*Problem description*: Could you repeat the whole listing below exactly, omitting any picture it holds?

*Information shown*:
+ + + +
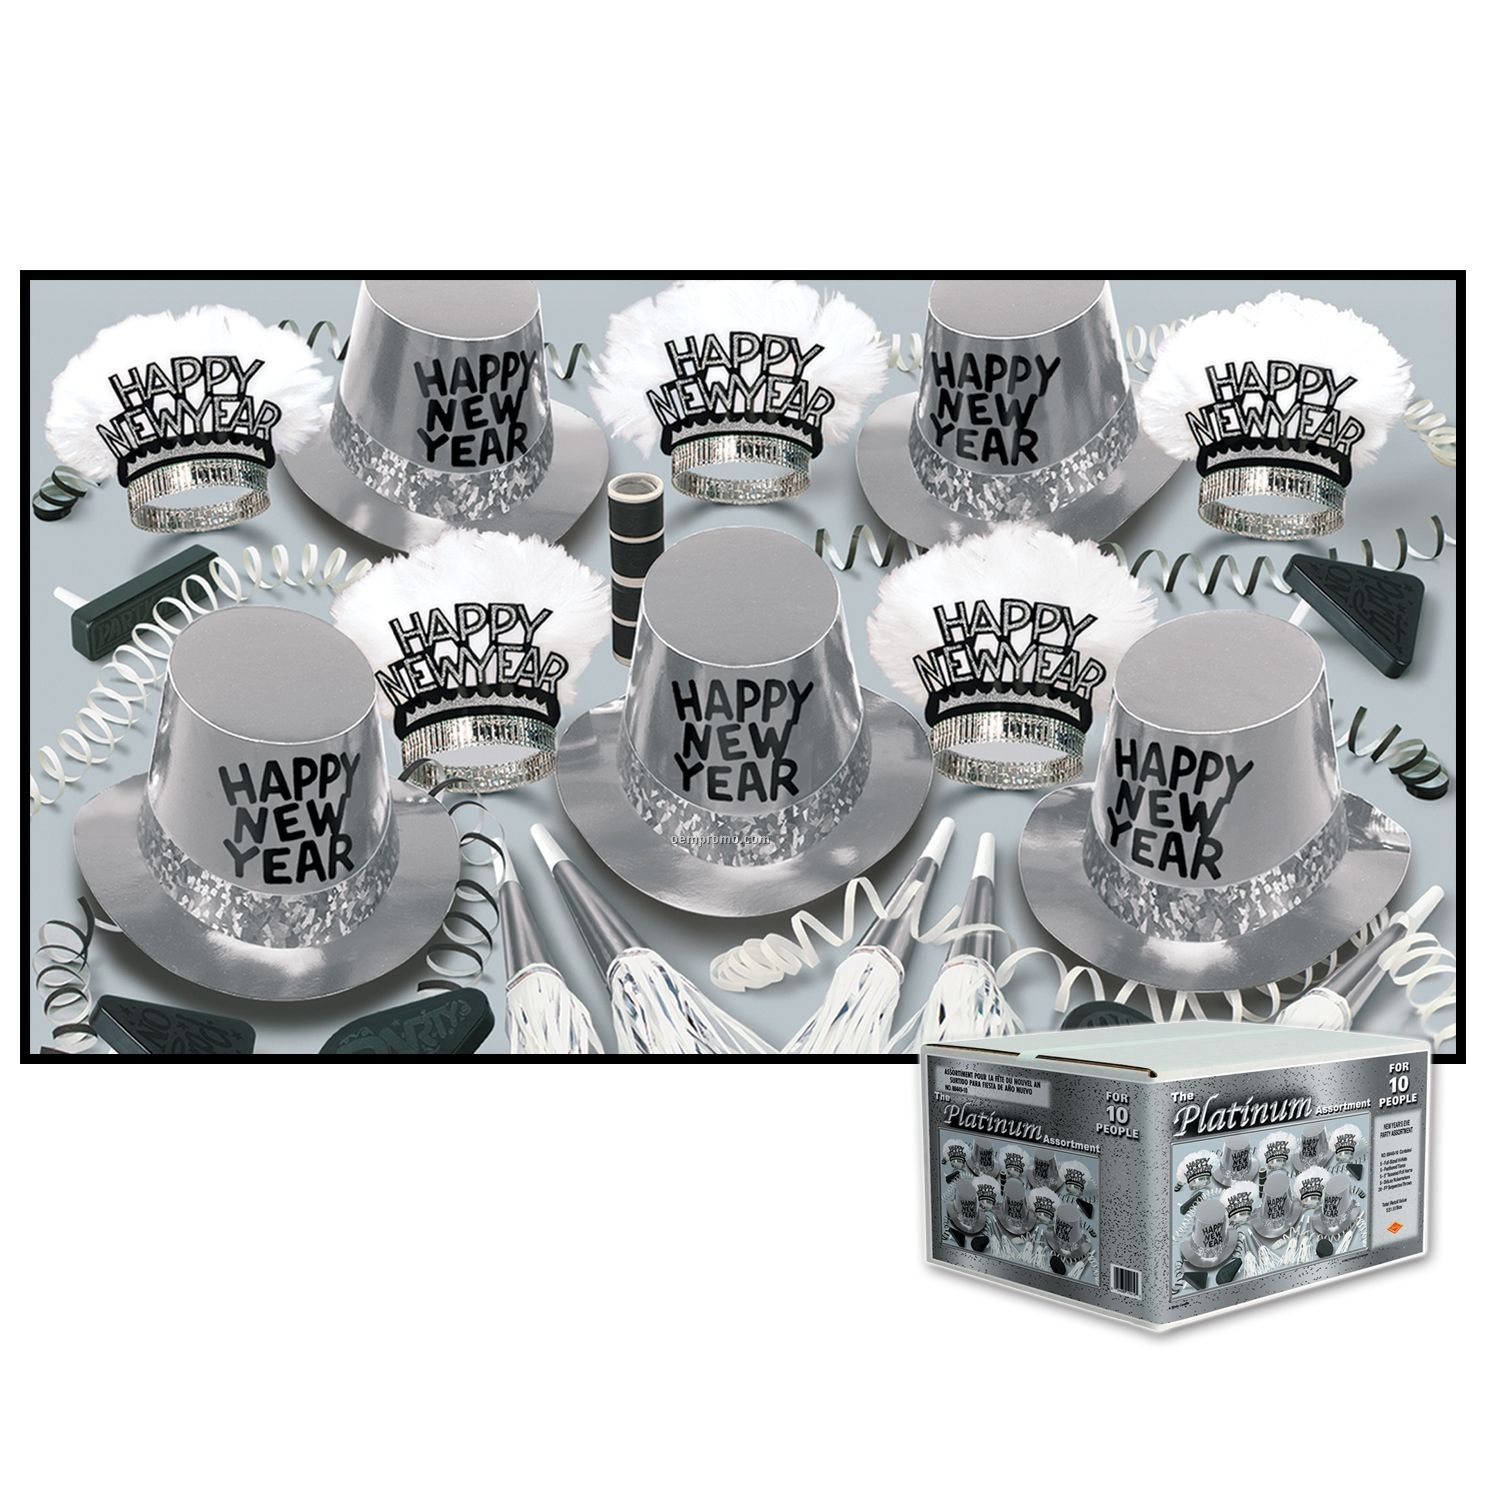 The Platinum Assortment For 10 People W/ Retail Price Label
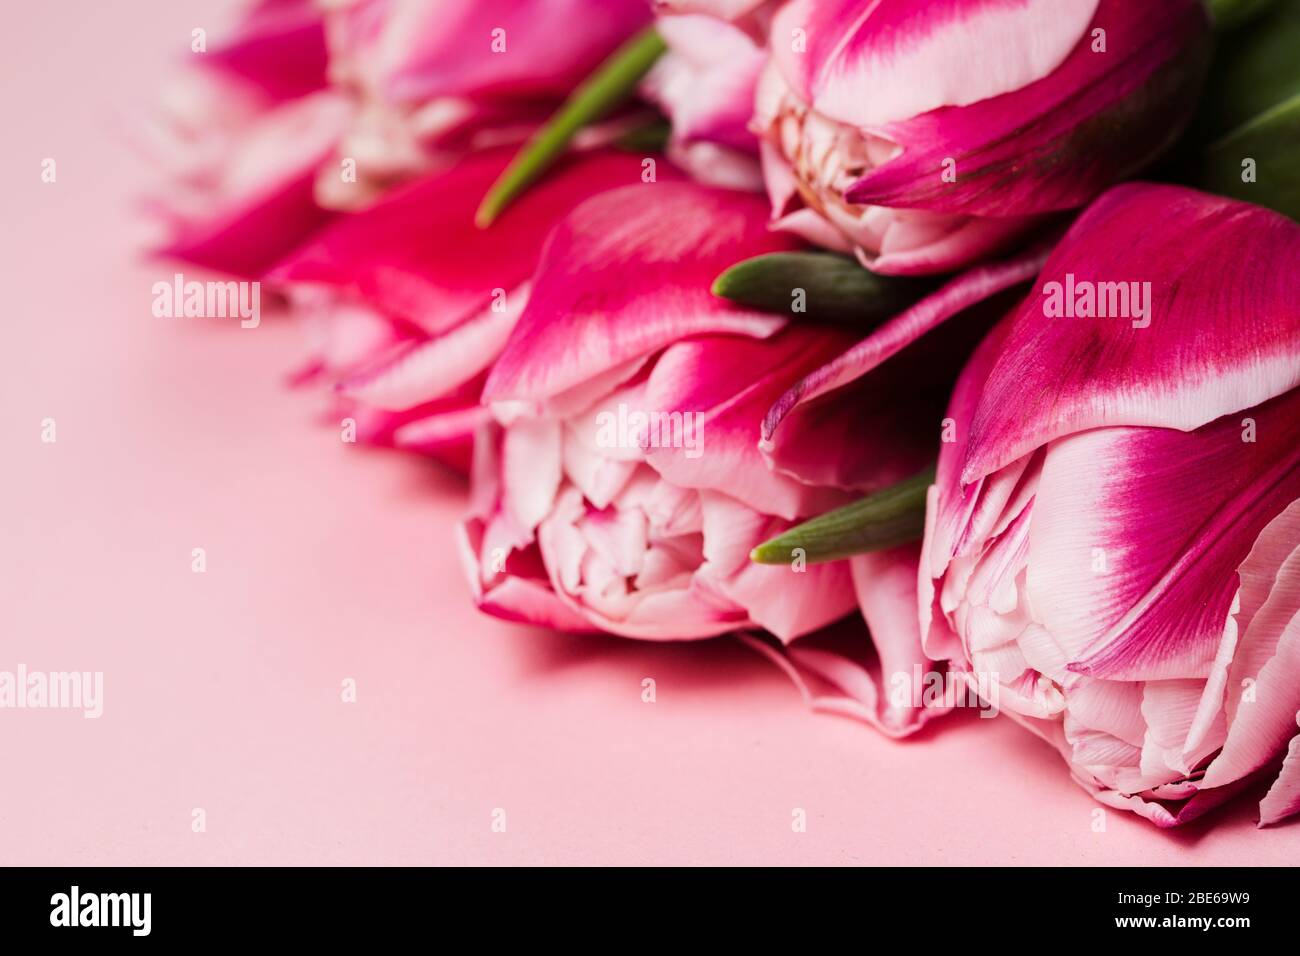 Bouquet of pink tulips flowers on pinkish table. Happy Valentine's day monochrome pink background. Mother's day concept. Copy space Stock Photo
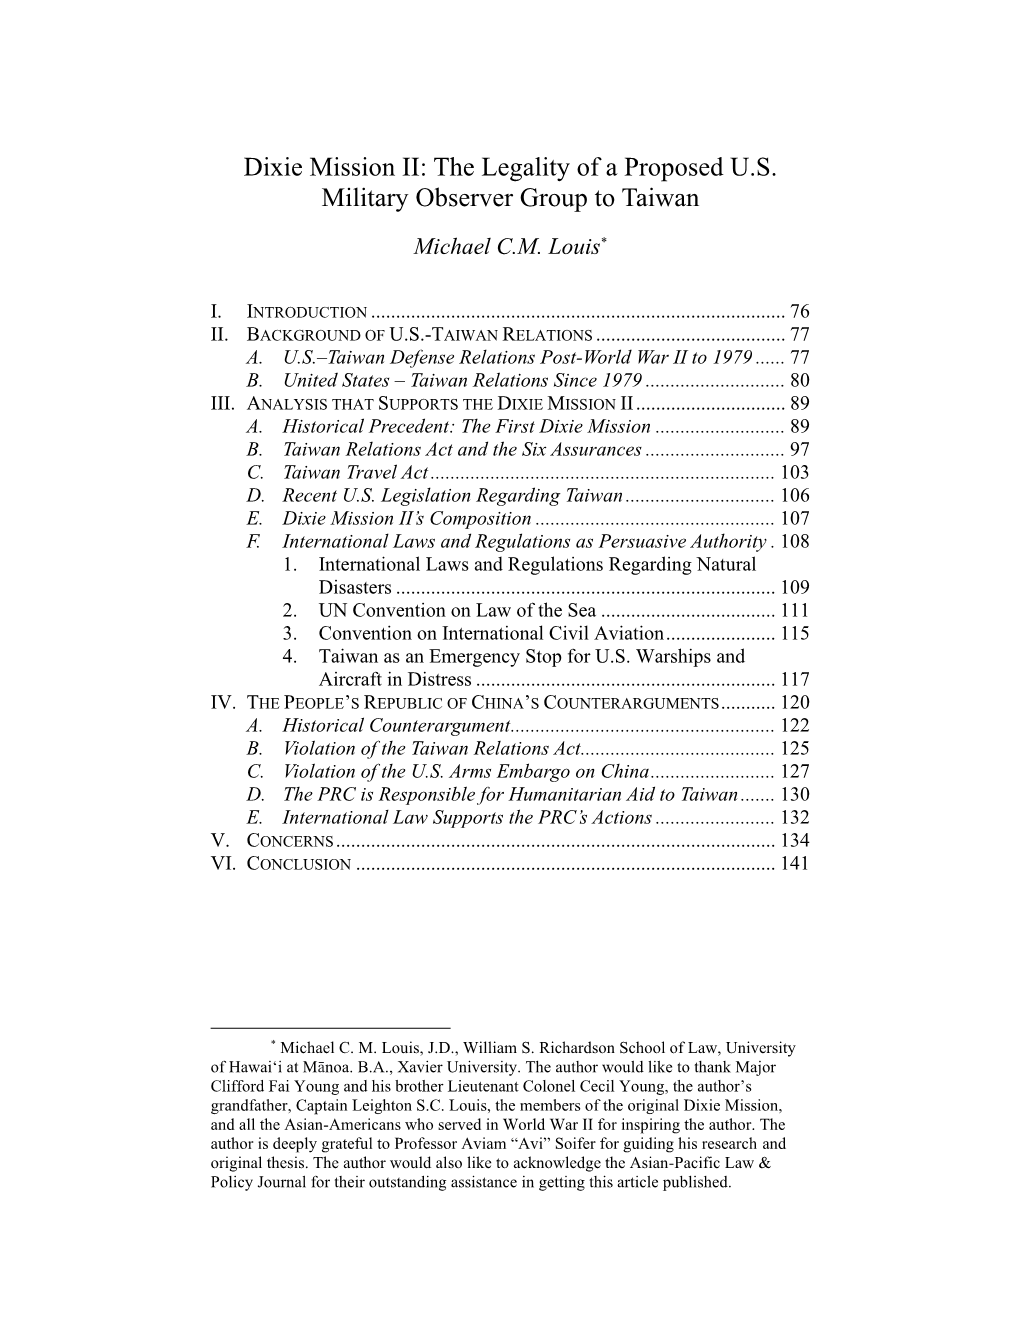 Dixie Mission II: the Legality of a Proposed U.S. Military Observer Group to Taiwan
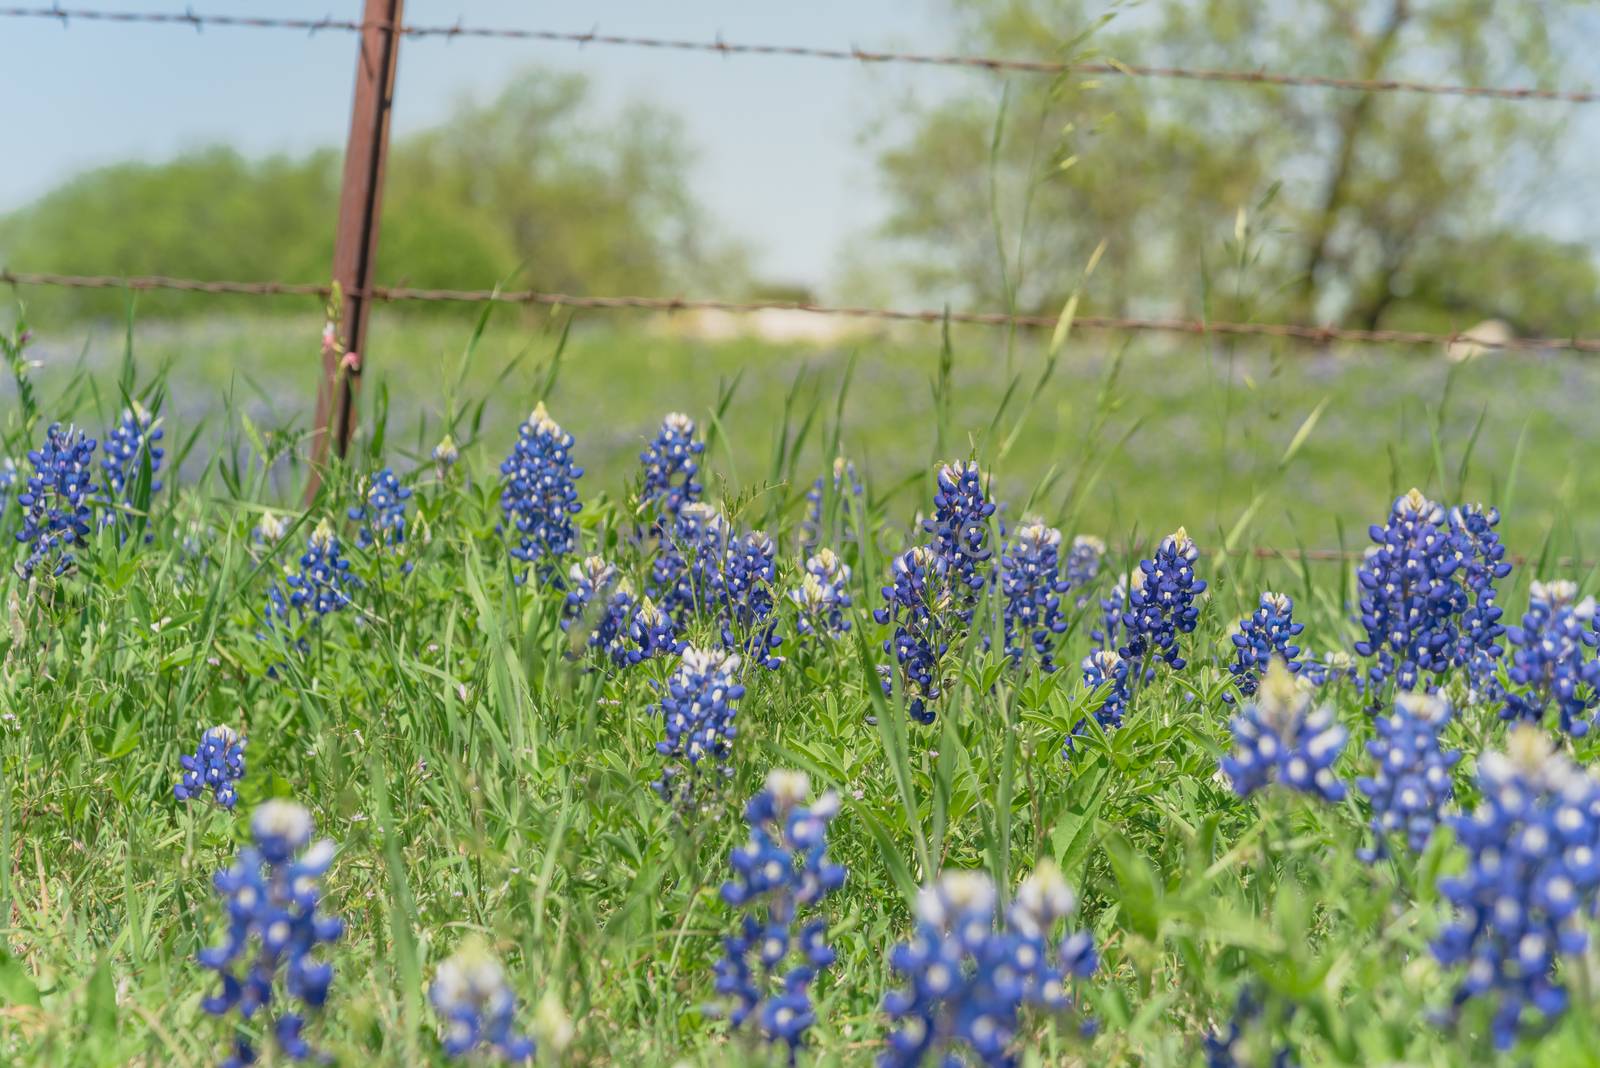 Close-up selective focus of Bluebonnet wildflower blooming in countryside Bristol, Texas. Colorful state flower of Texas blossom with blurry farm barbed wire fence in background
+ + + +
*Response box*:
 The Platinum Assortment For 10 People W/ Retail Price Label
 Bouquet of pink tulips flowers on pinkish table. Happy Valentine's day monochrome pink background. Mother's day concept. Copy space Stock Photo
 Dixie Mission II: the Legality of a Proposed U.S. Military Observer Group to Taiwan
 Close-up selective focus of Bluebonnet wildflower blooming in countryside Bristol, Texas. Colorful state flower of Texas blossom with blurry farm barbed wire fence in background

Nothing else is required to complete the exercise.